One summer at Rutgers, my buddy John C had a great idea. We'd work for the IBC bakery in East Brunswick, across from the Modell's and just down on Route 18 from the Two Guys. The IBC, International Baking Corporation, made Hostess cupcakes and Twinkies and all manner of dessert matter. Yesterday's headlines made me remember it all, or close to all.
This was early 70's and all those jobs were union for real money even then. We weren't in the union but John had an angle. He figured by the time the accounting people and the union shop stewards caught up with us, the summer would be over and we'd be back on campus in college. Yep, we were gonna reap the rewards and avoid the risks-auditioning to be Young Republicans some might say.
Brilliant plan John had except for one flaw. He didn't get hired. Only I did. So instead of working nights and laughing at break time together over how goofy it was to be making Devil Dogs, I was working like a one armed paper hanger on the Twinkies line-the busiest in the factory and the absolute pits. My job was to load the twenty pound metal trays with the Twinkies form stamped into them onto the conveyor belt as it hurtled along all over the plant getting filled with Essence de' Twinkie, baked to a 'golden brown, drilled and filled with something white that looked like well, you can guess I bet, then jammed into plastic packaging and palletized for your safety.
Here was the thing-IBC was cheap even then, those b'tards.

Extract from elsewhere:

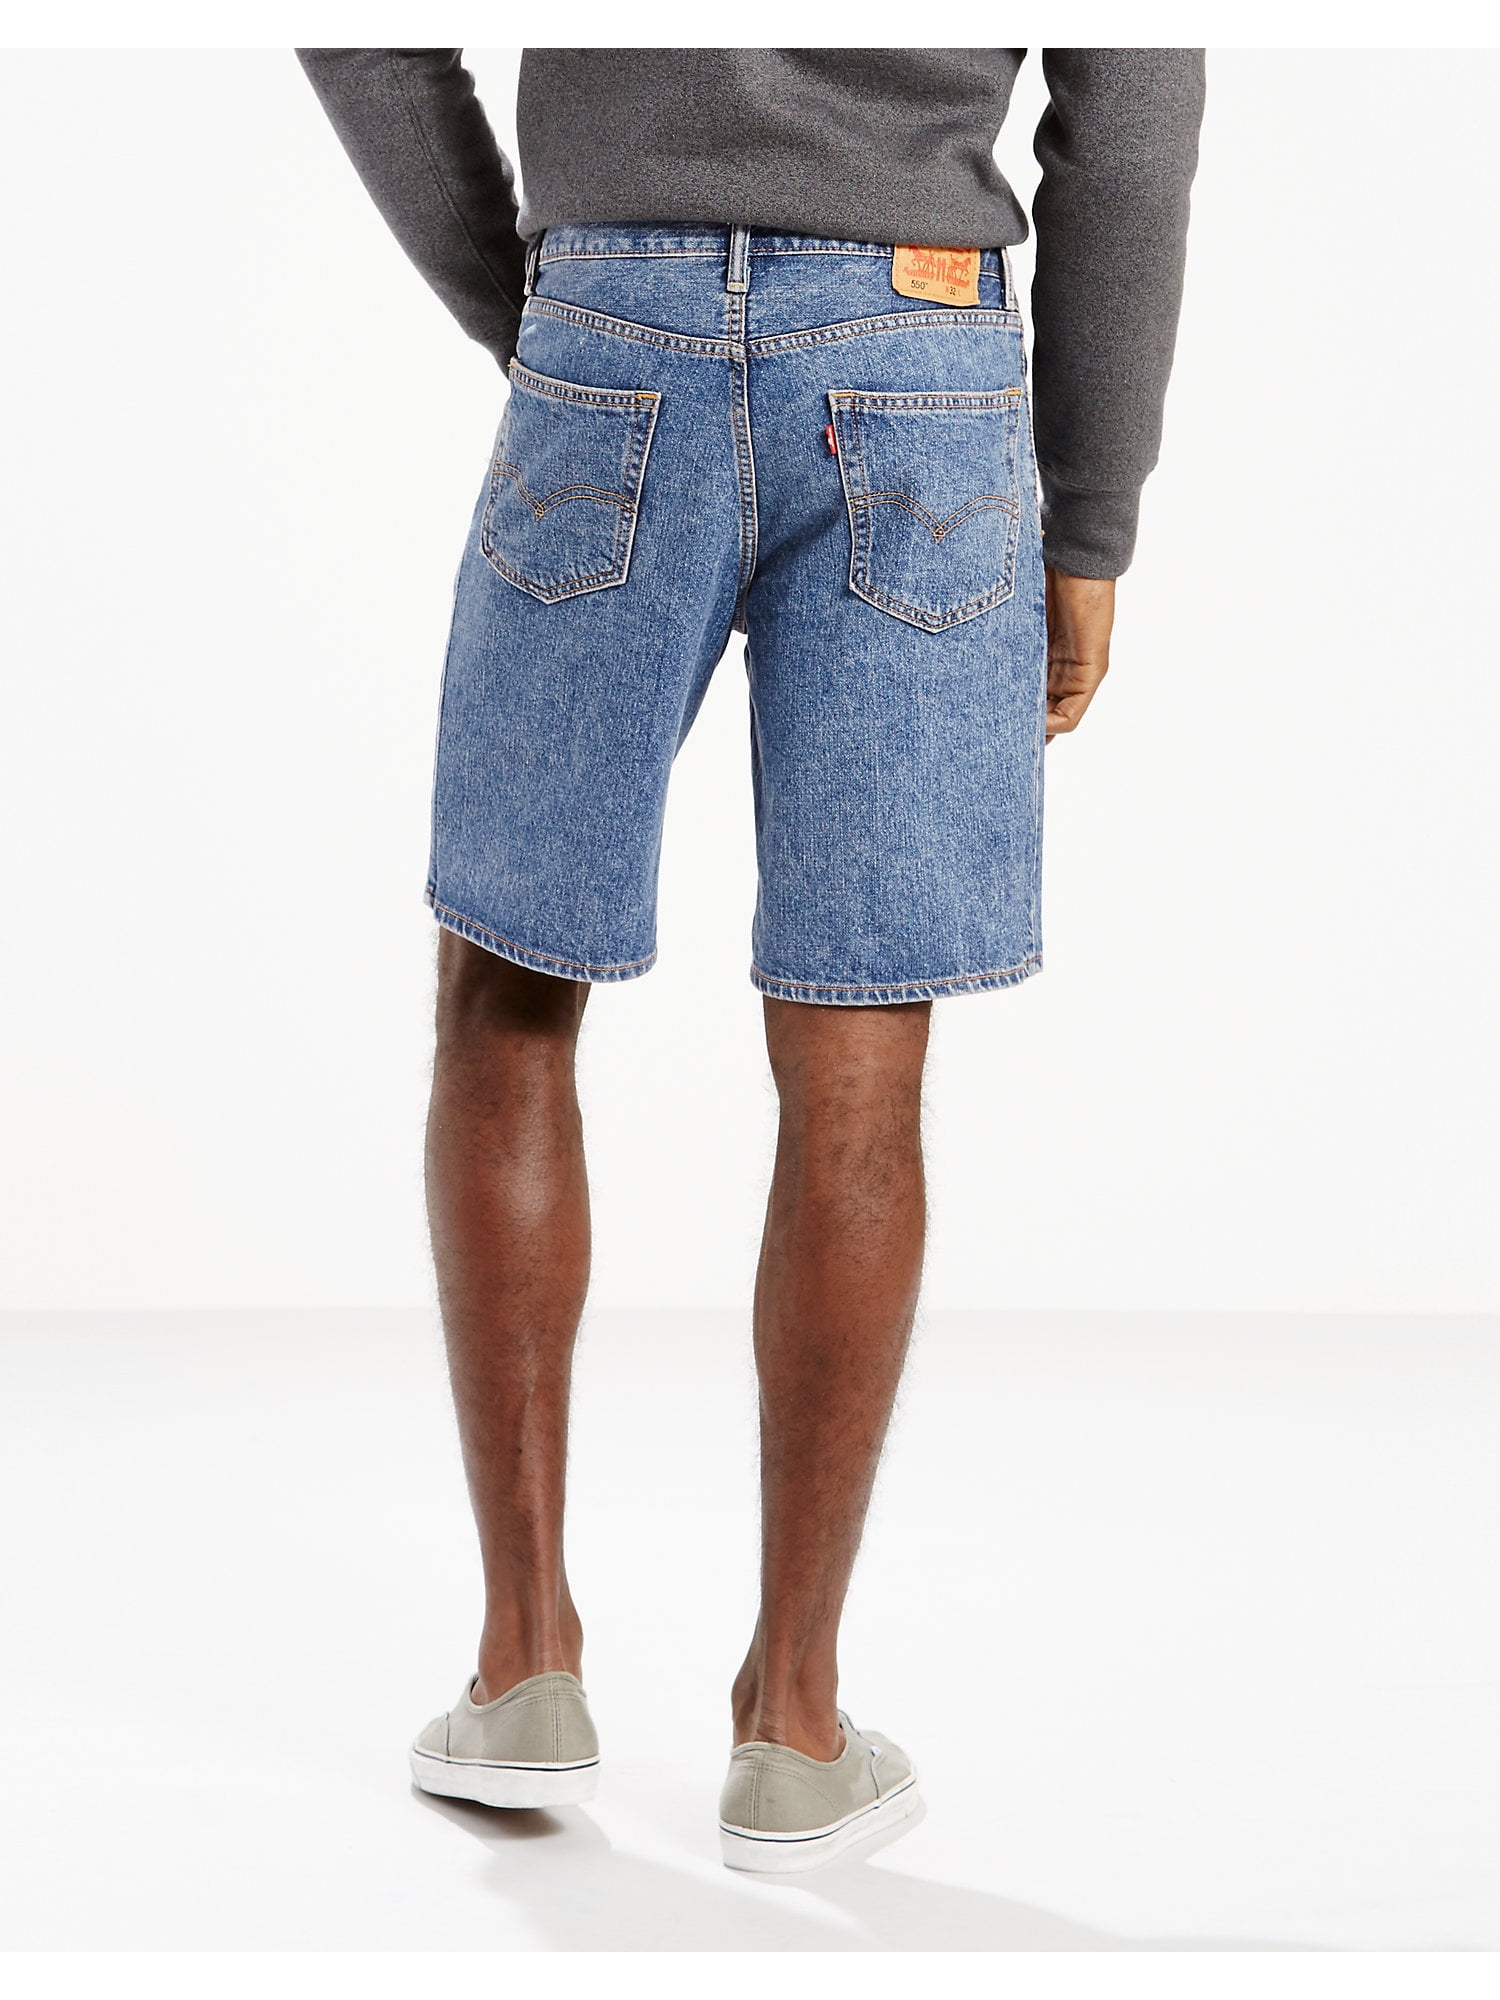 levi's 550 relaxed fit mens jean shorts

They staffed at minimum levels so when the 'baker' [seriously that was what the position was called and it paid two and half times what I got paid (and I was handsomely compensated)] went on break I caught hell. Here's how it worked: in an eight-hour shift there were two fifteen minute breaks, two hours after the shift started (almost left off the F)and two hours before it ended, plus thirty minutes for a meal.

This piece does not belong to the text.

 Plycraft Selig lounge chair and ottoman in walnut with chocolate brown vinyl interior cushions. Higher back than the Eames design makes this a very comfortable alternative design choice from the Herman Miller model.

When the baker was gone, no Twinkies could be made (boo!). Rather than shut down the conveyor, part of my job was to pull the metal trays that had ridden all around the plant OFF the line as they came out of the industrial washer that water-blasted the last morsels of synthetic goodness off the forms. Those trays were incredibly hot and it was impossible, at least for me, to keep from getting burned even with gloves and with long sleeves on to protect my arms.
I had to pull off every single tray and stack them seven feet high on pallets with wheels. Six across and six diagonally, always upward until they towered over my head. It took fourteen minutes, by my glancing at the clock over the 'oven' where the magic of Twinkies took form, to get all the trays off the belt. As the baker would come back, he'd tap me on the arm and yell 'Go ahead college!' to signal me to begin racking and stacking them again. Some nights at various times, whole columns of these damn trays would fall over, one time almost burying me and every time scaring the bejabbers out of me to the amusement of my colleagues.
They thought it was hysterical-the college kid working like a Ch--well, never mind what I was working like. Let's just say when I got home I slept soundly every night. And I would probably still be dinking and twinking if IBC didn't insist we had to eat a certain number of the Twinkies for quality control every shift. Even then and to this very day I hated Twinkies. Now it's possible Twinkie the Kid may have punched his last doggie. Not sure what to say, except....
-bill kenny
Ramblings of a badly aged Baby Boomer who went from Rebel Without a Cause to Bozo Without a Clue in, seemingly, the same afternoon.